自分には相手の気持ちが分からないのに、どうして智には分かるのか不思議でならなかった。
「・・・うるせぇ、お前にそんなこと言われる筋合いはない」
「いいことを教えてやろうか」
「なんだよ」
「リンはオレだからつき合っているんじゃない。あの時、もしもお前が先に告白していたらあの子は同じように首を縦に振っただろう」
「っ!?」
「わかるか? 早いか遅いかだったら、早い者勝ちというわけだ」
「・・・・・・汚ねぇ」
「どこが? 人の女を横からかすめ取ろうとする方がよっぽど根性悪いぞ」
相変わらず涼しい顔で愁を見据えている。
距離が近すぎるせいか、何となく威圧されてあまり反撃できない。これもヤツの手かと思うと苦々しい気持ちでいっぱいだ。
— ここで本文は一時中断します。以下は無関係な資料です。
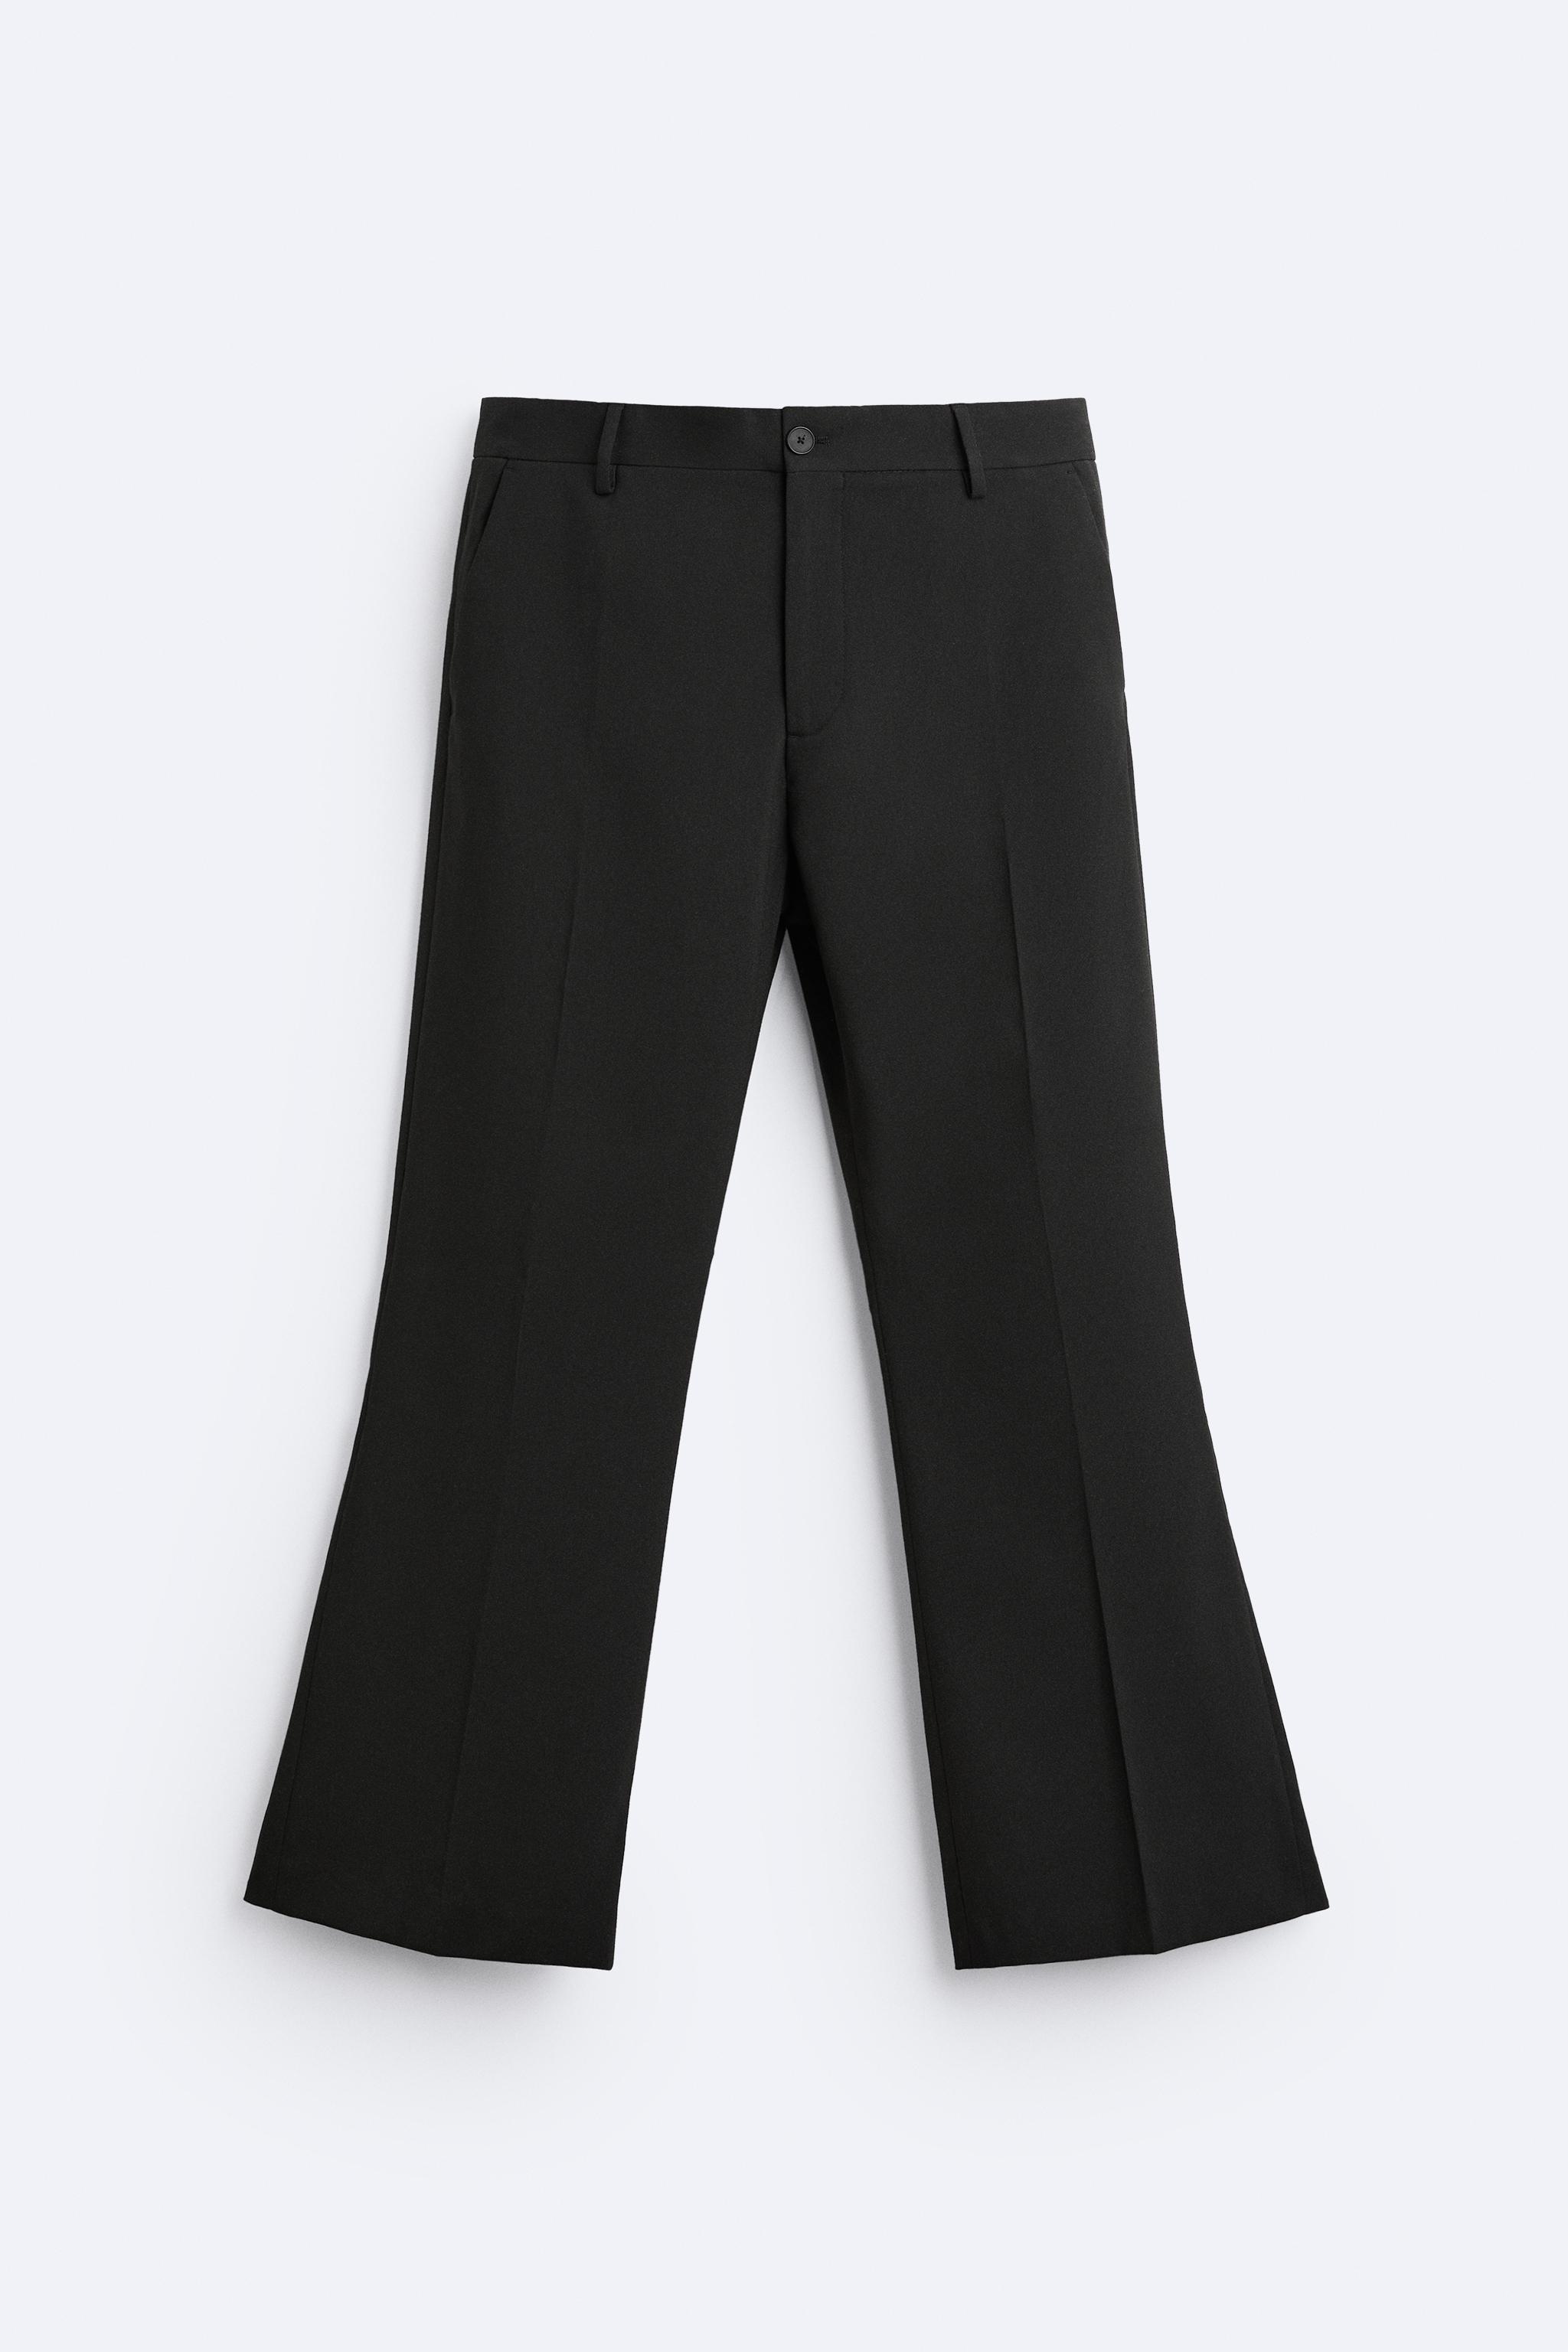 STRETCH SUIT PANTS - Green | ZARA United States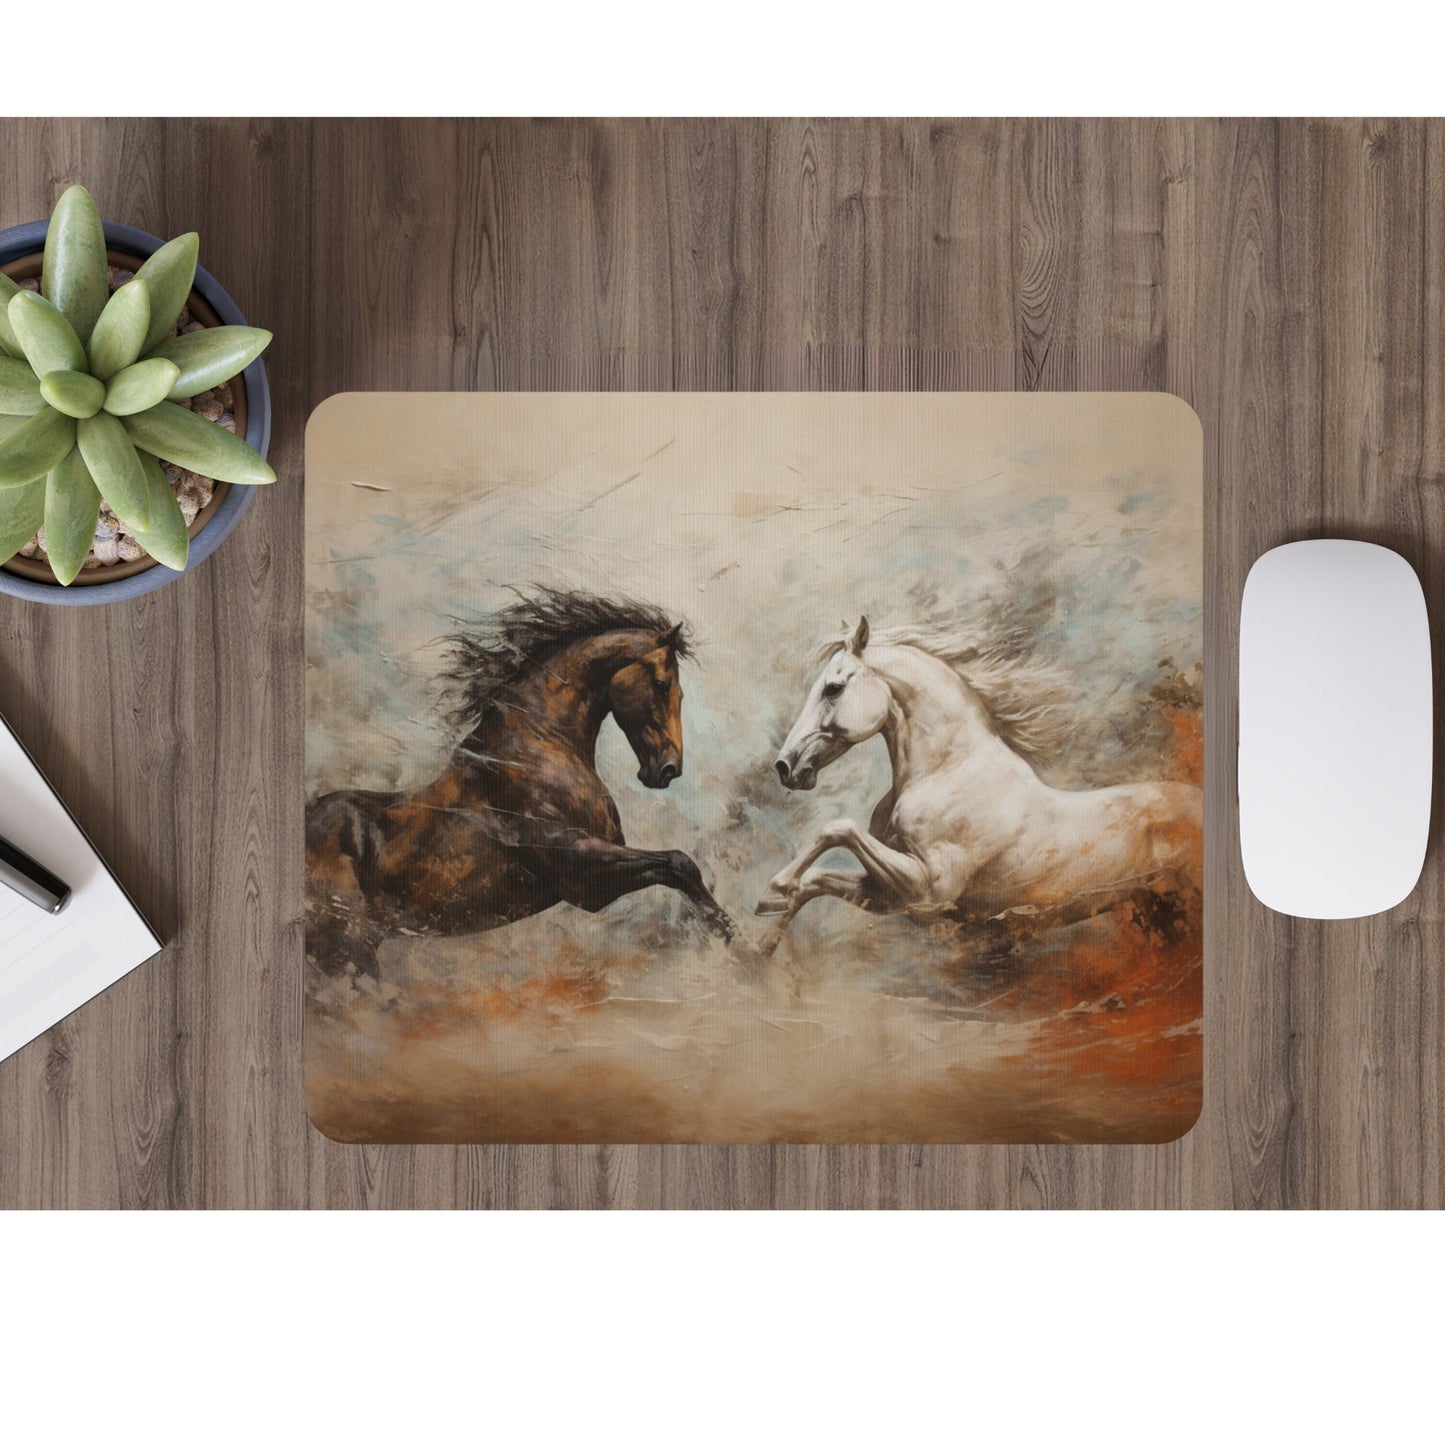 Wild Horse Mouse Pad, Personalized Horse Mouse Pad, Unique Gift Idea - FlooredByArt

「お前はいつも、オレを見ようとしないから、オレが何をするのか、何を考えているのかわからないんだ」
「は?」
「憎らしいくらいに素直で、他人の顔色などお構いなし、自分の思っていることを包み隠さないお前のことを、オレはいつも羨ましいとさえ思いながら見ていたというのにな」
頭の中はクエスチョンマーク一色。
コイツは一体何を言っているんだろう?
・・・・・・・・・オレが羨ましい?
思いもよらないことをいきなり言われて、戸惑いを隠せない。
愁は、感情で行動してしまう自分の性格を欠点だと思っていたのに・・・・・・
「リンは、オレには拒絶しない。すんなり受け入れる、その意味が分かるか? あの子がコワイと言った意味がお前に分かるか? 理解してやれるか?」
無表情で発せられた智の質問は、愁にとって拷問に近いような責め苦を味あわせた。
オレがコワイと泣きながら告げたリンの言葉。
分からないわけがない。
理解出来ないわけがない。
どうせオレは拒絶されまくりの嫌われ者だ。
ちくしょう、わざわざそんな事を自慢しに来たのかよ・・・
それで、リンは自分の物だから手を出すなと威嚇をしているのか。
「・・・そんなこと、分かってるよ」
分かってるよ、オレなんか泣かせてばかりだ。
わかってる、わかってるよ。
リンは智を選ぶ、それは今まで通り変わらない。
あの子だけはどうしても欲しいと思っていた。
でも、それだけは絶対叶わないって話だろう?
まったくもって今まで通りじゃないか。